La présidente. Merci, Monsieur le député. La parole est à M. Vincent Subilia pour vingt-cinq secondes.

M. Vincent Subilia (PLR), rapporteur de majorité ad interim. Merci, Madame la présidente. Ce sera amplement suffisant pour faire mienne - et nôtre, j'espère ! - la déclaration d'amour de la motionnaire Meissner: oui, reconnaissons collectivement l'apport majeur de notre aéroport, qui a érigé notre modeste bourgade en une capitale globale ! Mais cet élan du coeur ne doit pas nous inviter à tenir des propos qui ne correspondent pas à la réalité.

La présidente. Merci.

M. Vincent Subilia. Le nombre d'atterrissages nocturnes a également diminué. Il faut ici le reconnaître.

La présidente. C'est terminé.

M. Vincent Subilia. Lorsqu'on nous attribue du «greenwashing»... On ne peut se voir opposer des arguments qui ne correspondent pas à la réalité. Vous l'aurez compris, le PLR vous invite à rejeter cette proposition de motion. Je vous remercie.

La présidente. Vous avez un peu abusé du temps ! La parole est à Mme Nathalie Fontanet.

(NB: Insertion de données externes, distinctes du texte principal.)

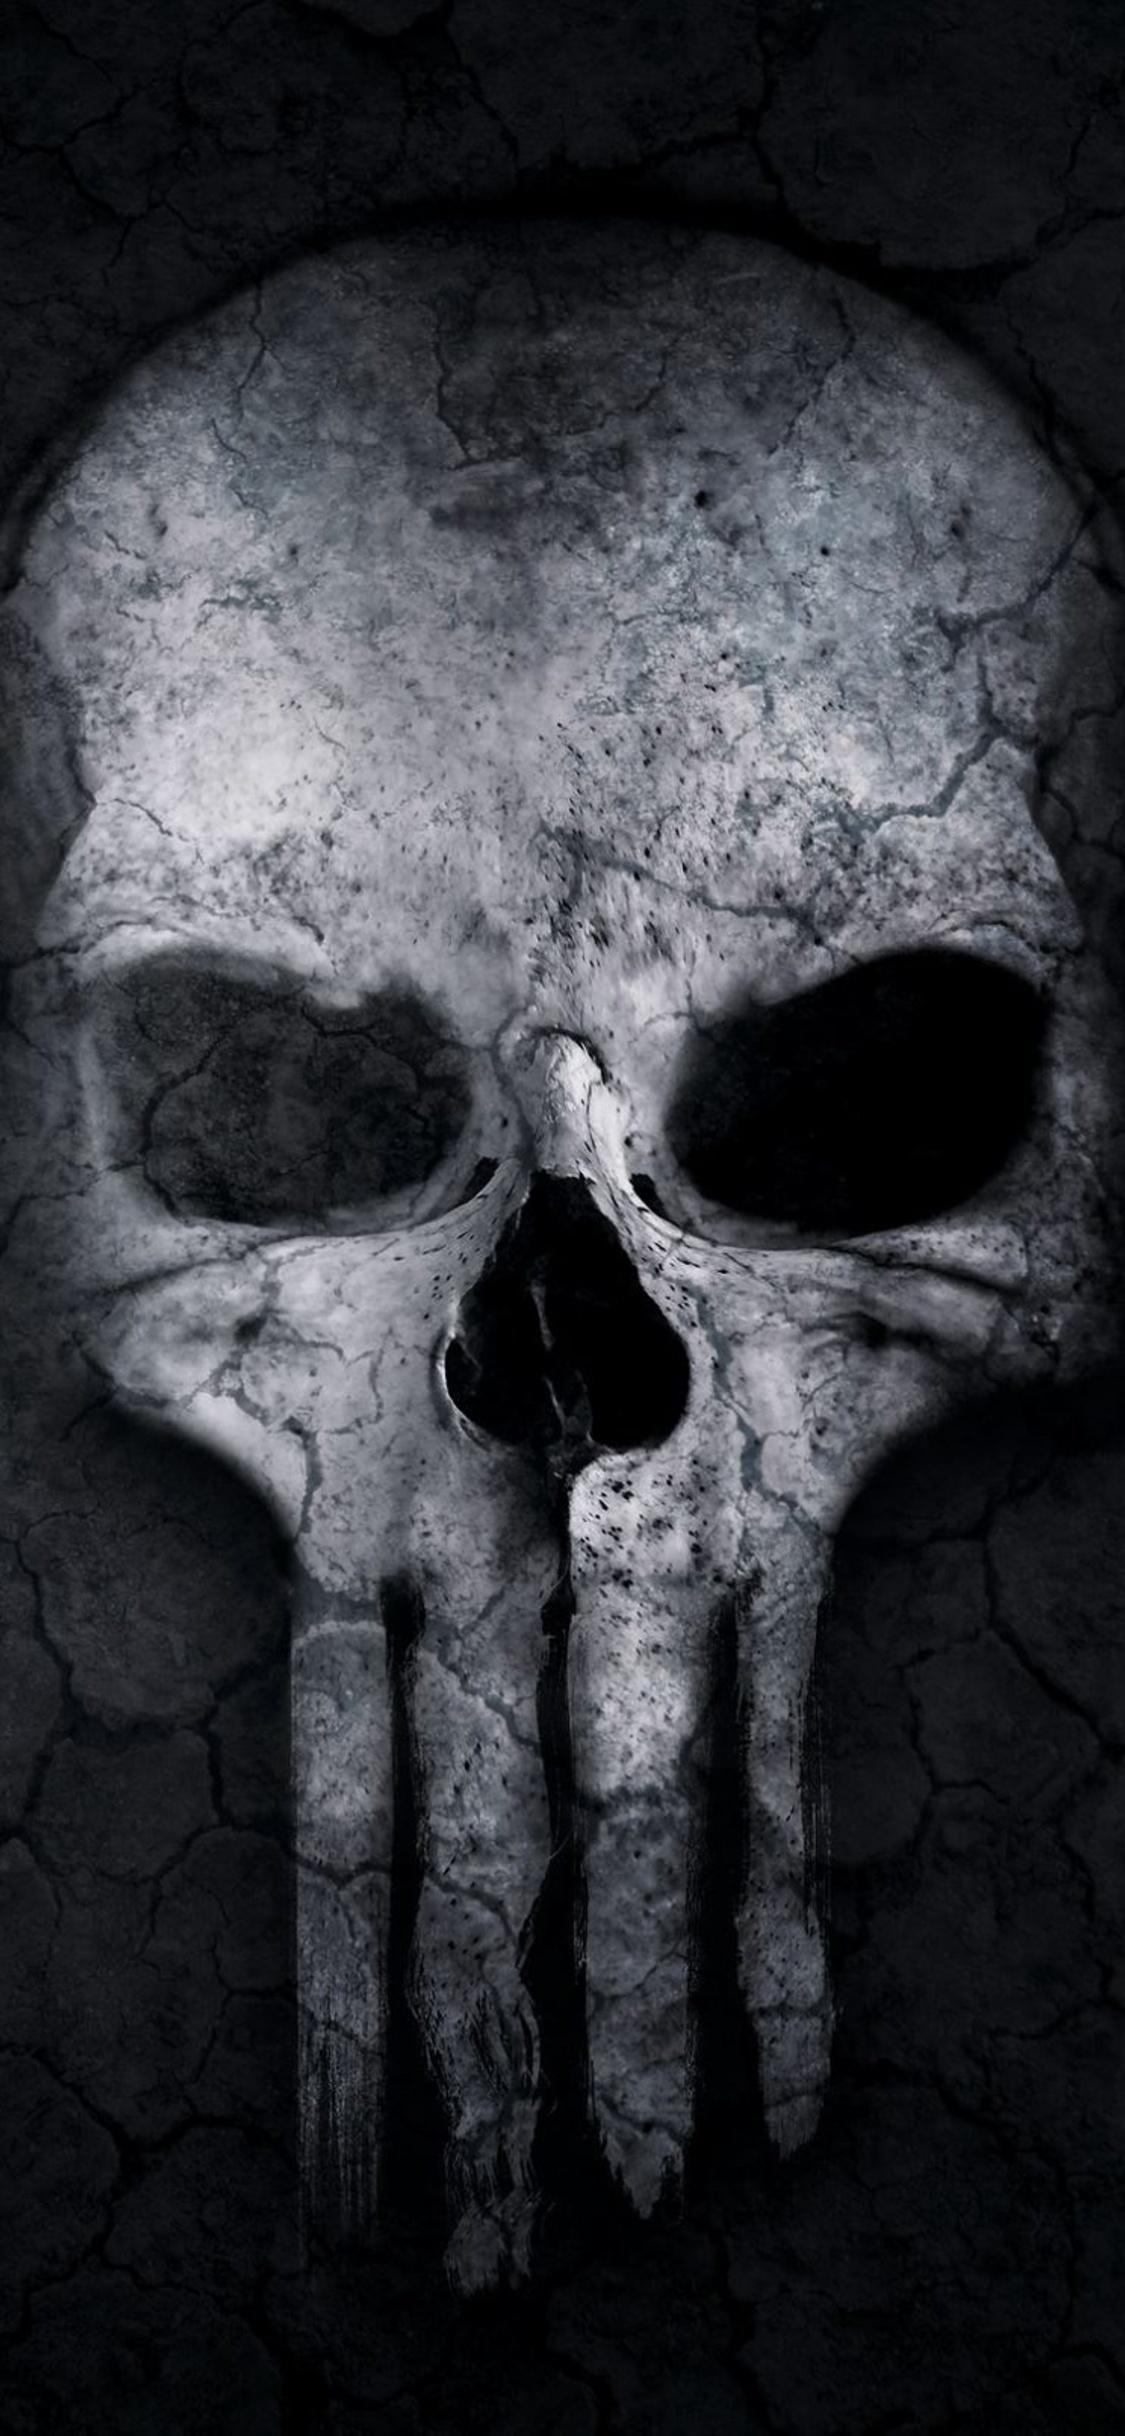 1125x2436 Punisher Skull Artwork Iphone XS,Iphone 10 ...

Mme Nathalie Fontanet, conseillère d'Etat. Merci beaucoup, Madame la présidente. Mesdames et Messieurs les députés, je crois que tant l'aéroport que le Conseil d'Etat sont conscients des nuisances pour les riverains qu'entraînent certains décollages ou atterrissages le soir et la nuit. C'est un fait, mais c'est dans ce sens que le Conseil d'Etat a, dans le cadre de la convention d'objectifs 2024-2029 qu'il a conclue avec l'AIG, demandé à l'aéroport d'étudier de façon sérieuse les impacts d'un barème différencié sur les redevances, pour rendre les vols plus dissuasifs entre 22h et 7h, et cela non seulement pour les décollages, ce qui est déjà le cas, mais bien entendu également pour les atterrissages.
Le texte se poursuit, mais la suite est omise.